Many functions and methods in pandas will have an inplace parameter that you can set to True, if you want to perform the action “in place.” This will directly change the given column without returning anything.

Note

We could have directly assigned the column to the datetime that was converted, but the point is that an assignment still needed to be performed. The random.shuffle example performs its method “in place,” so there is nothing that is explicitly returned from the function.

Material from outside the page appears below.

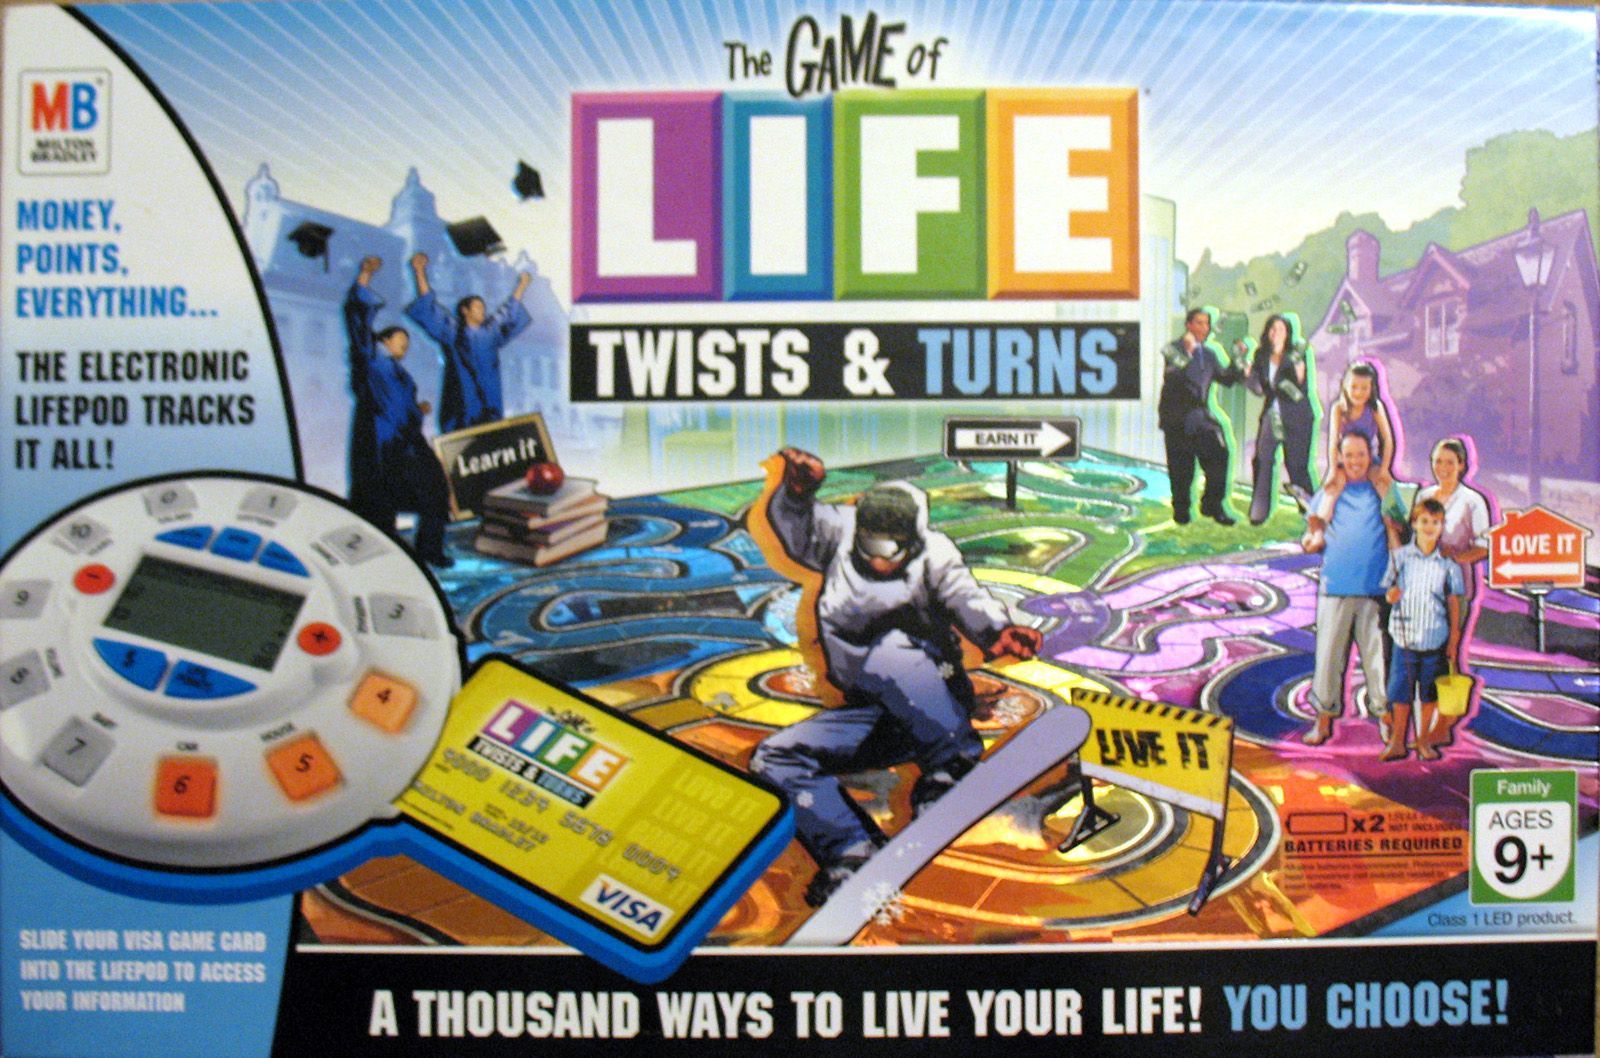 The Game of Life: Twists & Turns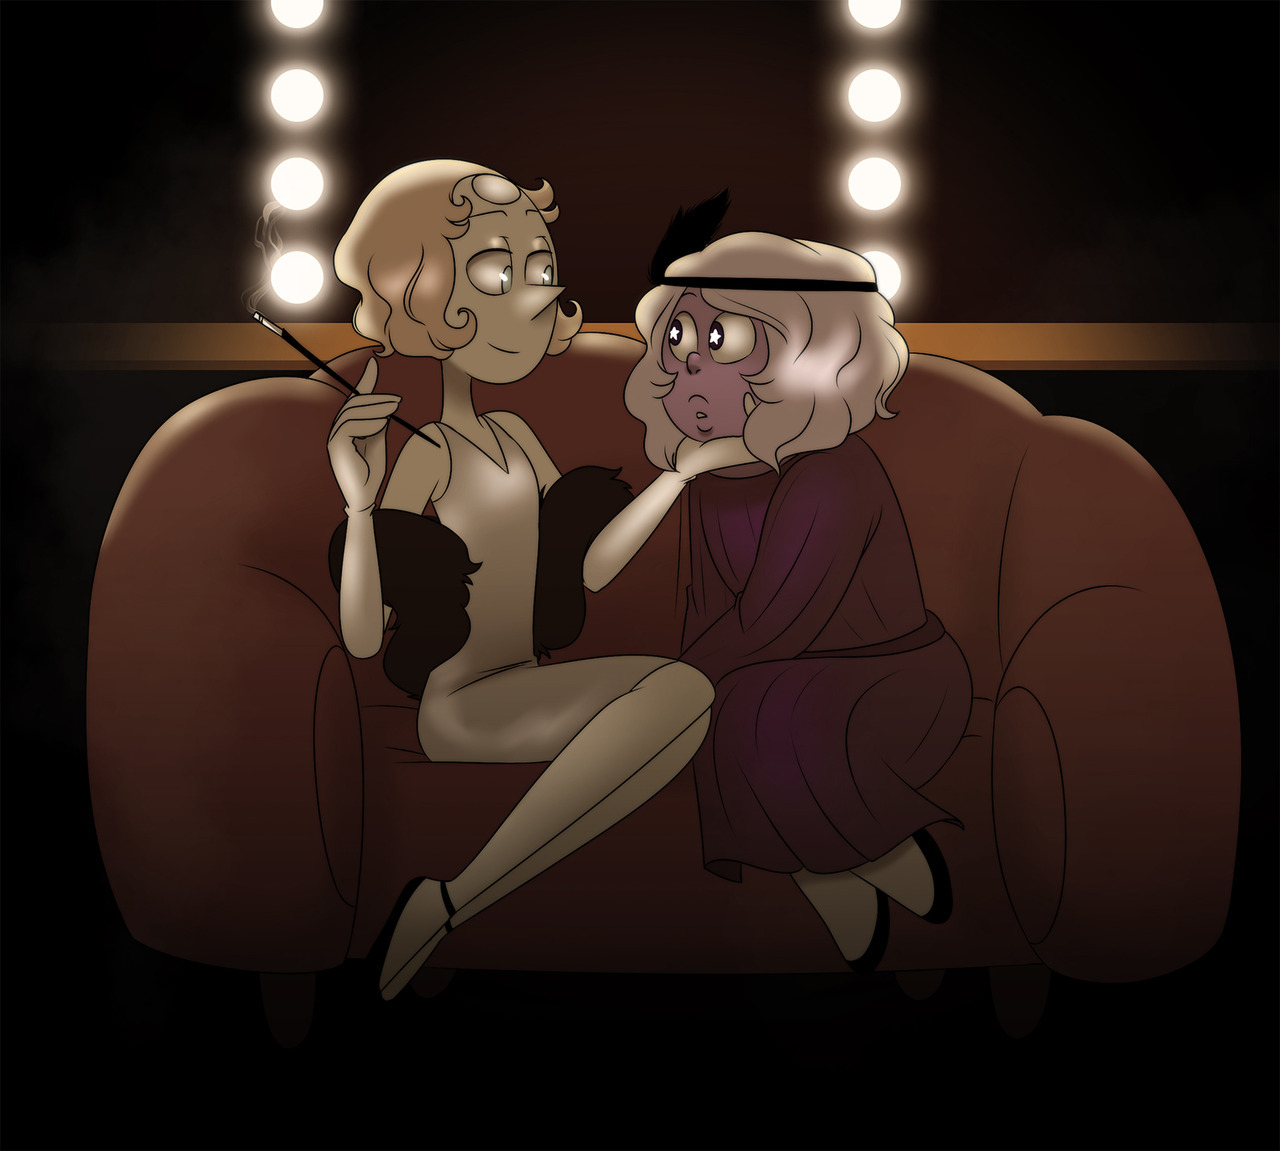 Pearlmethyst week prompt 2: 1920′s Pearl is some kind of jazz/night club singer and Amethyst is her fan that Pearl invites backstage. For smoochies. @annadesu @fuckyeahpearlmethyst

The value passed into the function is directly manipulated.

2.5.3 Dropping Values

To drop a column, we can either select all the columns we want to by using the column subsetting techniques, or select columns to drop with the drop method on our dataframe.10

10. Drop method: https://pandas.pydata.org/pandas-docs/stable/generated/pandas.DataFrame.drop.html

In [18]:
# all the current columns in our data

print(scientists.columns)

Index(['Name', 'Born', 'Died', 'Age', 'Occupation', 'born_dt', 'died_dt',
       'age_days_dt', 'age_years_dt'],
      dtype='object')


In [19]:
# drop the shuffled age column
# you provide the axis=1 argument to drop column-wise

scientists_dropped = scientists.drop(['Age'], axis=1)

# columns after dropping our column

print(scientists_dropped.columns)

Index(['Name', 'Born', 'Died', 'Occupation', 'born_dt', 'died_dt',
       'age_days_dt', 'age_years_dt'],
      dtype='object')